Television critics reacted with mixed reaction toward the episode, with one critic calling the storyline "pretty dull." In a simultaneous review of the episodes of American Dad!, The Simpsons and Bob's Burgers that preceded the show, and the episode of The Cleveland Show that followed it, The A.V. Clubs Rowan Kaiser wrote, "I don't have much to say about tonight's Family Guy. Last week, we had some comments about how Family Guy seems to be willing to play with its format this season. That didn't happen this week at all." Kaiser went on to criticize the flashback involving Lois and Joyce in high school, stating, "Having a previously unknown flashback as the big reveal feels like cheating, if you're inclined to view Family Guy as consistent." She concluded her review by praising "the burning bush" joke, and ultimately gave the episode a C− rating, the worst rating of the night. It was beaten by the American Dad! episode "Fart-Break Hotel", The Cleveland Show episode "How Do You Solve a Problem Like Roberta?", The Simpsons episode "Flaming Moe", and the Bob's Burgers episode "Crawl Space". In a slightly more positive review of the episode, Jason Hughes of TV Squad praised the episode for some of its "silly side jokes," but felt disappointed by the ending to the show, commenting, "it didn't follow any real logic It was an easy way out, as if they'd written themselves into a corner." Hughes also criticized the episode for its dependence on cutaway gags, writing, "at least there were some funnier moments in this one. Unfortunately, a lot of those came in the cutaways. And I thought we were starting to move away from a dependence on them." Hughes went on to comment that he felt confused by Stewie possibly being fathered by a porn star, adding that "it would be far more likely that Chris or Meg was fathered by the porn star."

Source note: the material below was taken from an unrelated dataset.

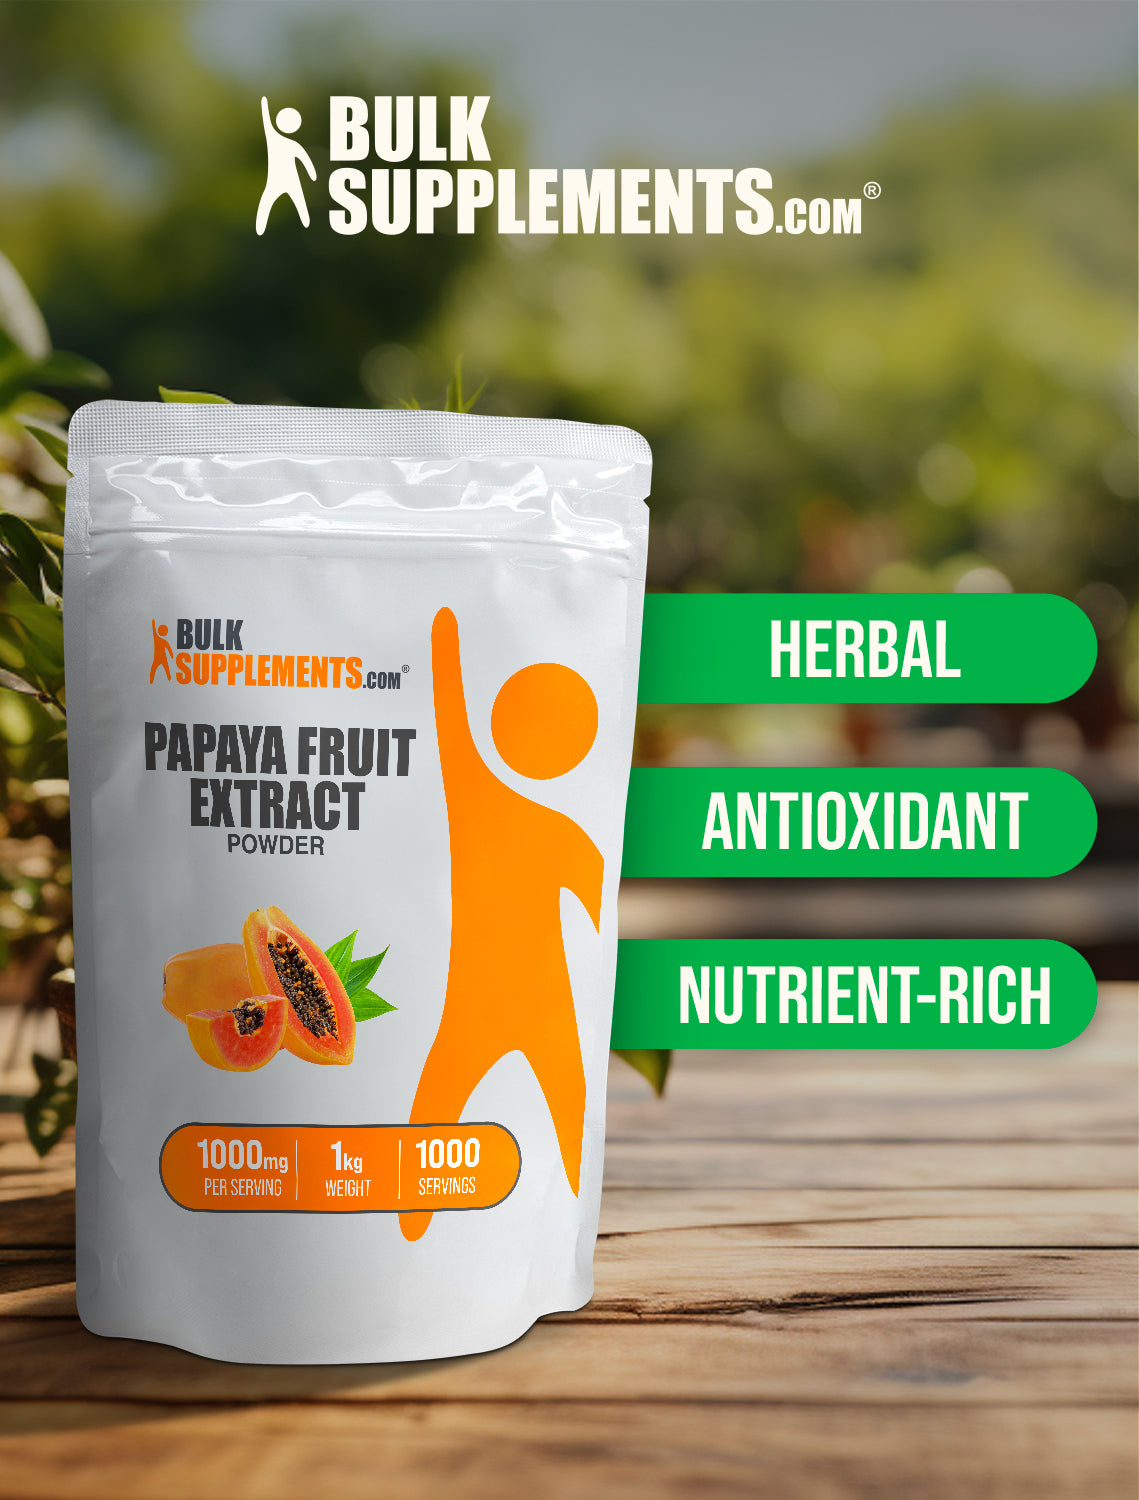 Papaya fruit extract powder 1kg keywords image
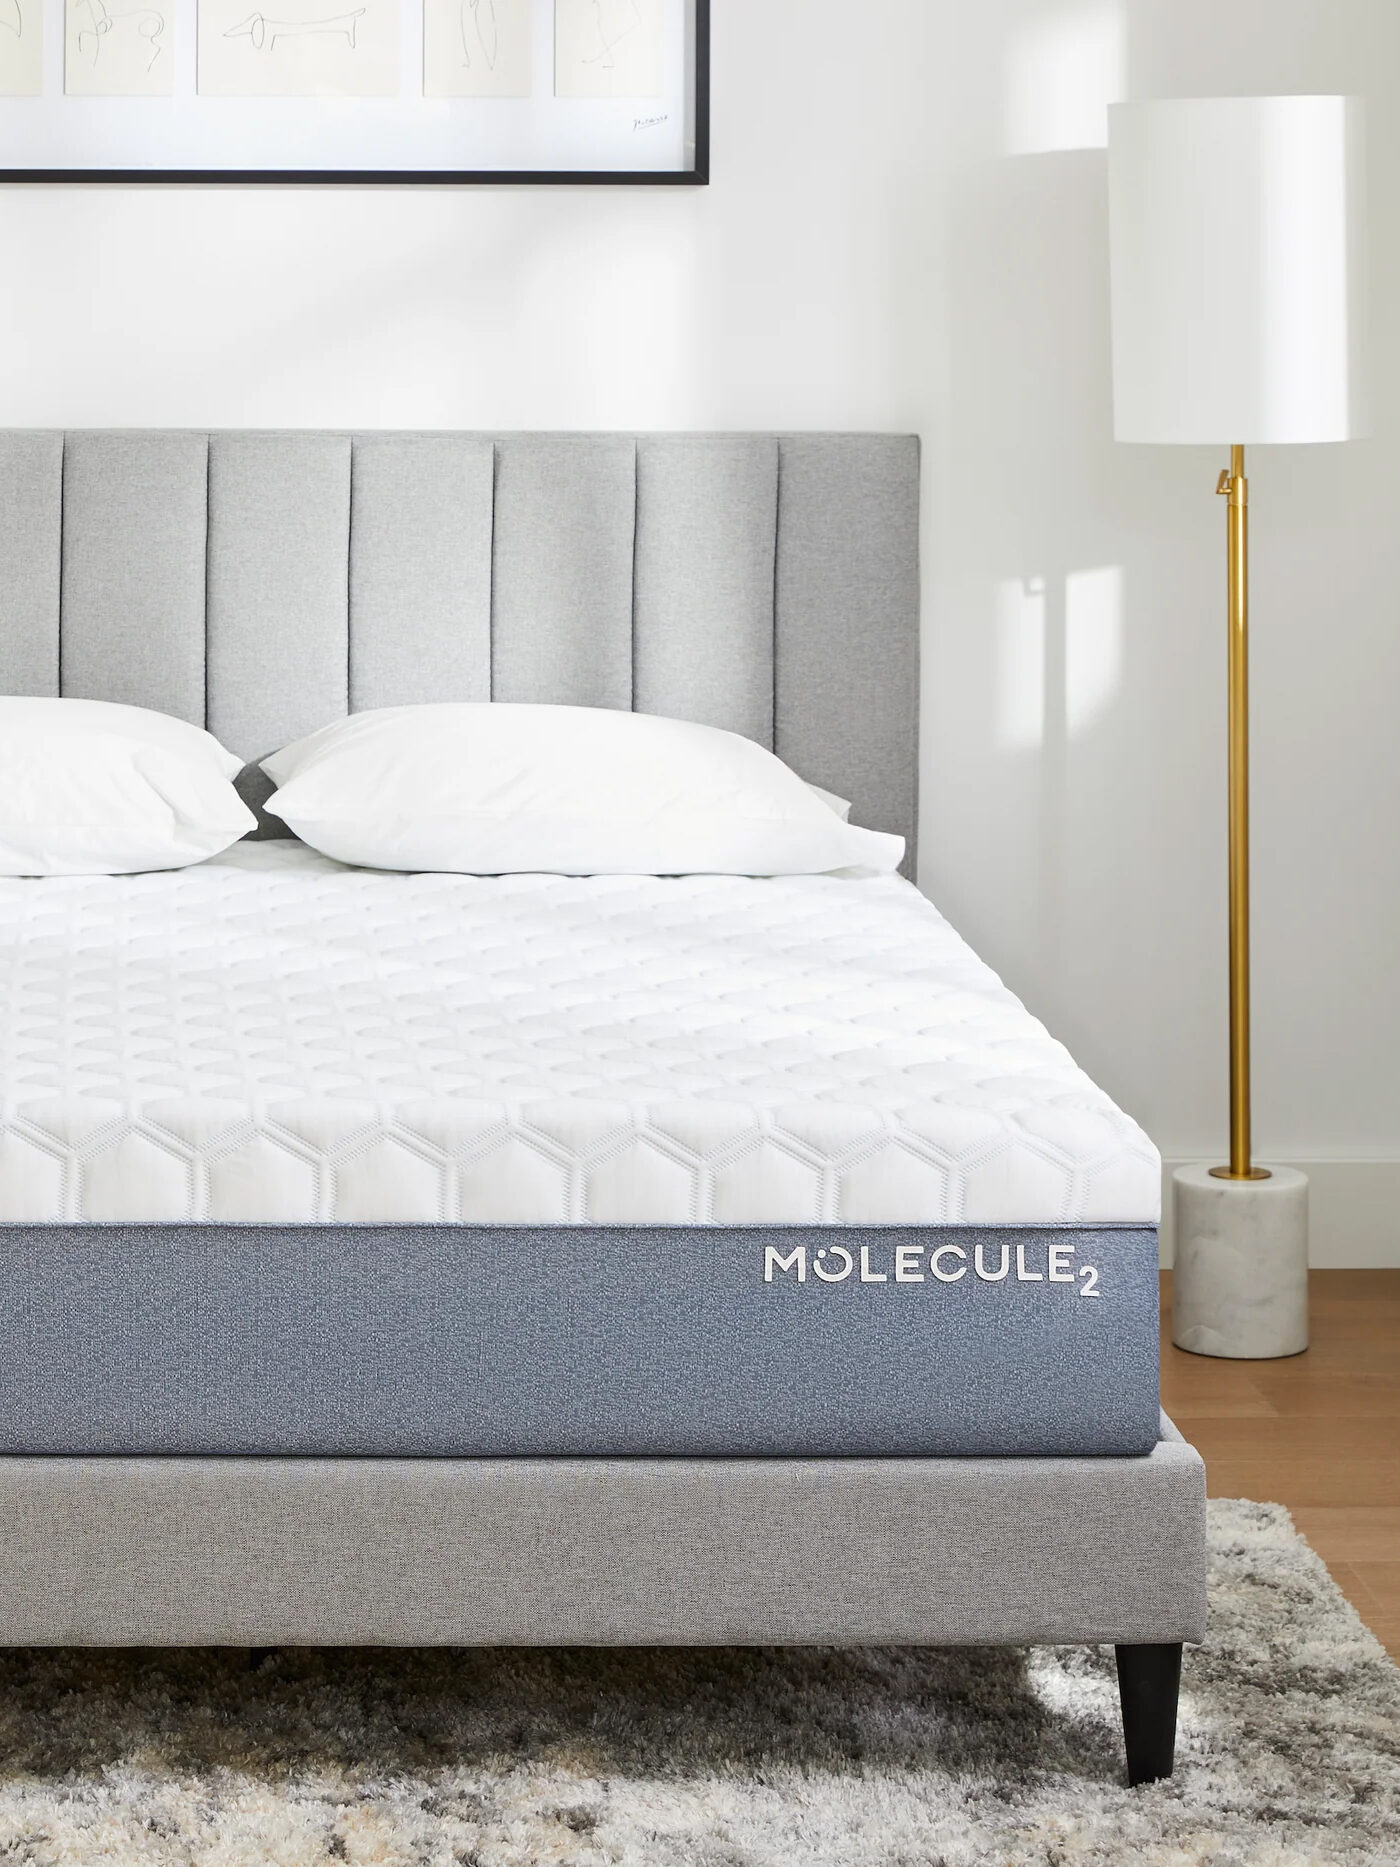 A Molecule Sleep mattress

The episode was among four other episodes submitted by the Family Guy production team for consideration of an Emmy Award nomination, in the Primetime Emmy Award for Outstanding Comedy Series category. "And I'm Joyce Kinney" was submitted, along with "Halloween on Spooner Street", "Road to the North Pole", "New Kidney in Town" and "Trading Places". The series was successfully nominated in 2009, but failed to merit an award. Mark Hentemann, executive producer and showrunner of Family Guy said of the nominating process, "We had internal discussions in the writers' room, and it seemed like we were much more akin to the other primetime comedies than we were to children's shows in animation. We assumed we would not get anywhere, and so it was a great surprise when we got the nomination."